I have the following 3 curves - am looking for advice which one is the best? they all give similar accuracy metric at about 50% -53% (yes, I know it is not very high).
- https://github.com/bluetail14/MyCourserapractice/blob/main/lstm_3264.jpg
- https://github.com/bluetail14/MyCourserapractice/blob/main/lstm_6432.jpg
3.https://github.com/bluetail14/MyCourserapractice/blob/main/epochs_120.jpg - https://github.com/bluetail14/MyCourserapractice/blob/main/dropout_0.4.jpg
My guess is that no. 4 is the best because the loss seems to be decreasing.
I have tried changing dimensions, adding and dropping dense and dropout layers, maxlen and embeddings, however, I don’t seem to get any improvements.
I will appreciate any suggestions as a beginner! Thank you.
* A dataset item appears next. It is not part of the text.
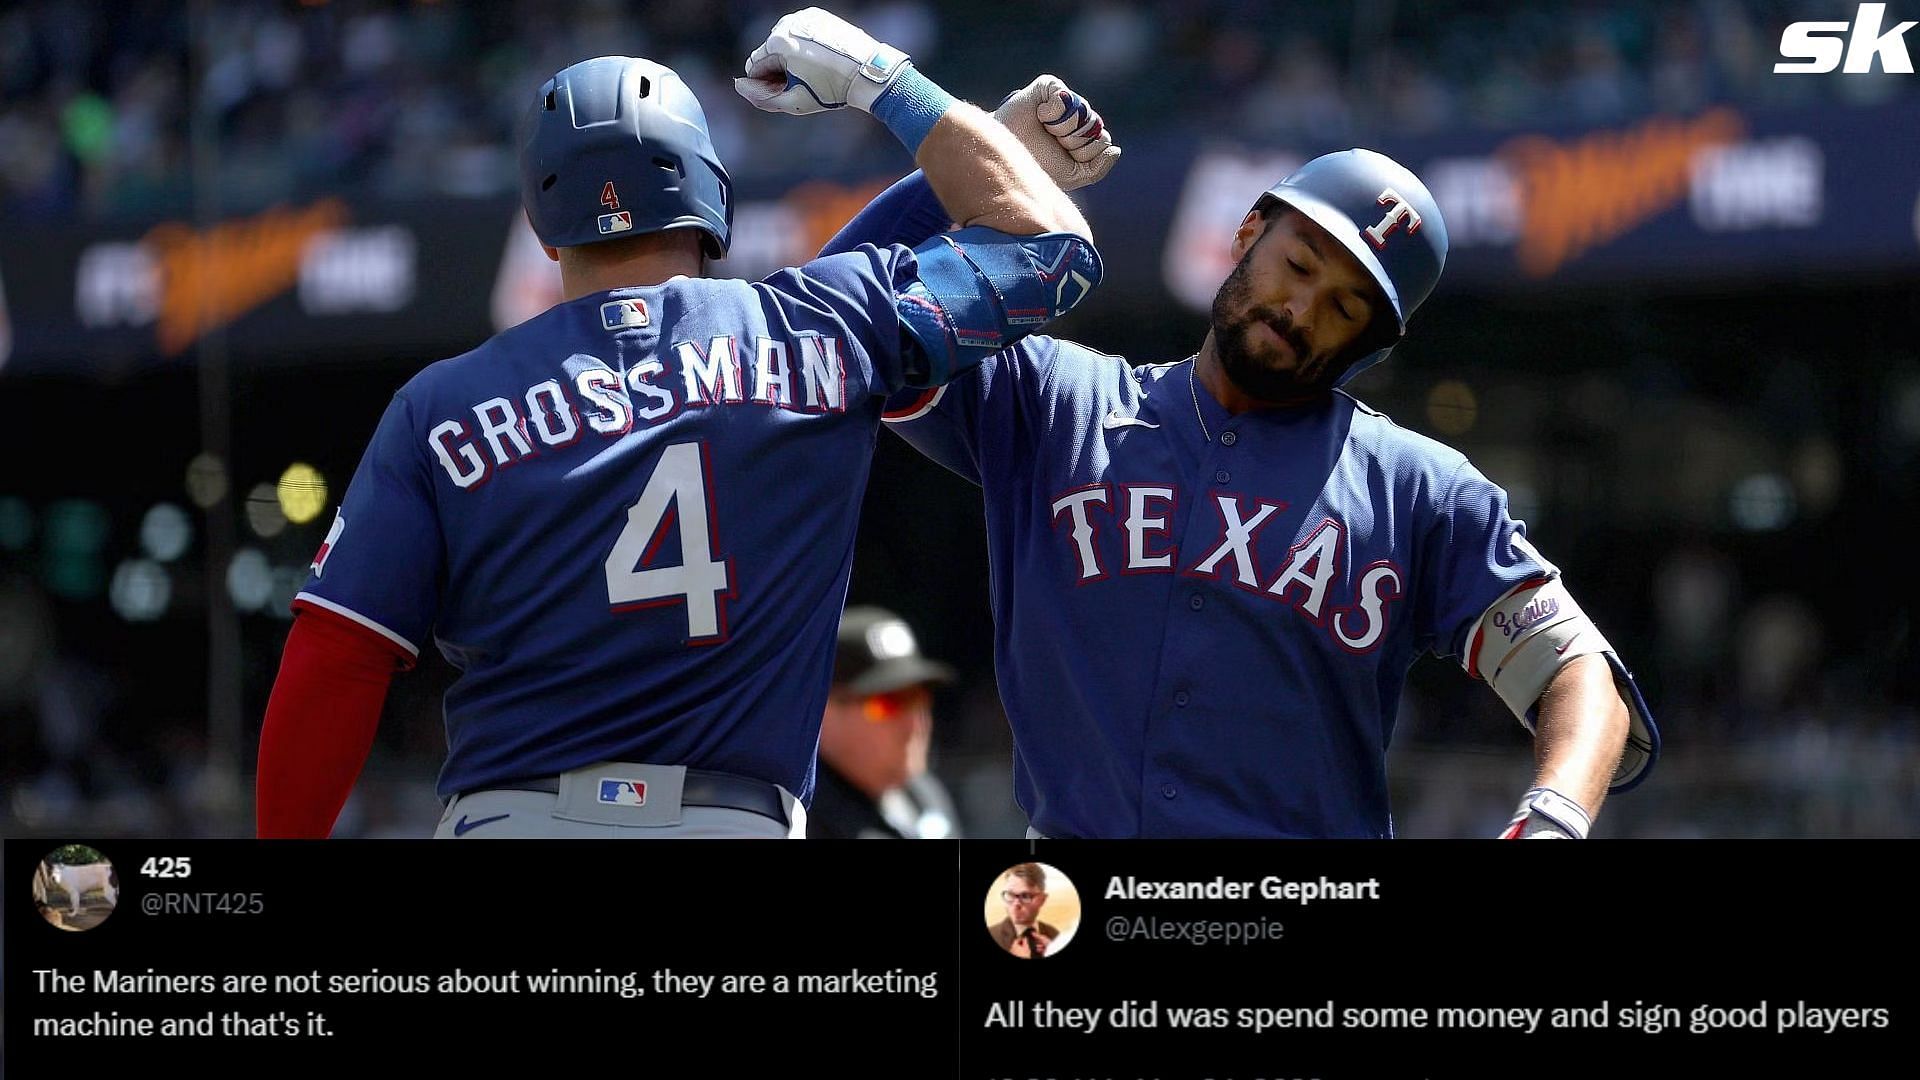 Texas Rangers players celebrate a good play against Seattle Mariners

I have used a LSTM architecture as follows for a movie reviews dataset from here (Sentiment Analysis ).
# Parameters
EMBEDDING_DIM = 100 (from 100d.glove.6B.100d.txt)
MAXLEN = 500
VOCAB_SIZE = 33713
DENSE1_DIM = 64
DENSE2_DIM = 32
LSTM1_DIM = 64# 32
LSTM2_DIM = 32# or 64
FILTERS = 64 #
KERNEL_SIZE = 5
# Model Definition
model_lstm = tf.keras.Sequential([
tf.keras.layers.Embedding(VOCAB_SIZE+1, EMBEDDING_DIM, input_length=MAXLEN,weights=[EMBEDDINGS_MATRIX], trainable=False),
tf.keras.layers.Bidirectional(tf.keras.layers.LSTM(LSTM1_DIM,dropout = 0.2, return_sequences=True)),
tf.keras.layers.Bidirectional(tf.keras.layers.LSTM(LSTM2_DIM, dropout = 0.2)),
tf.keras.layers.Dense(DENSE1_DIM, activation='relu'),
tf.keras.layers.Dense(DENSE2_DIM, activation='relu'),
tf.keras.layers.Dense(1, activation='sigmoid')
])
# Set the training parameters
model_lstm.compile(loss='binary_crossentropy',
optimizer=tf.keras.optimizers.Adam(),
metrics=[tf.keras.metrics.BinaryAccuracy()])
# Print the model summary
model_lstm.summary()
Layer (type) Output Shape Param #
embedding_37 (Embedding) (None, 500, 100) 3371400
bidirectional_61 (Bidirecti (None, 500, 128) 84480
onal)bidirectional_62 (Bidirecti (None, 64) 41216
onal)dense_109 (Dense) (None, 64) 4160
dense_110 (Dense) (None, 32) 2080
dense_111 (Dense) (None, 1) 33
=================================================================
Total params: 3,503,369
Trainable params: 131,969
Non-trainable params: 3,371,400
P.S. a simple Naive Bayes gives a 84% accuracy for this dataset!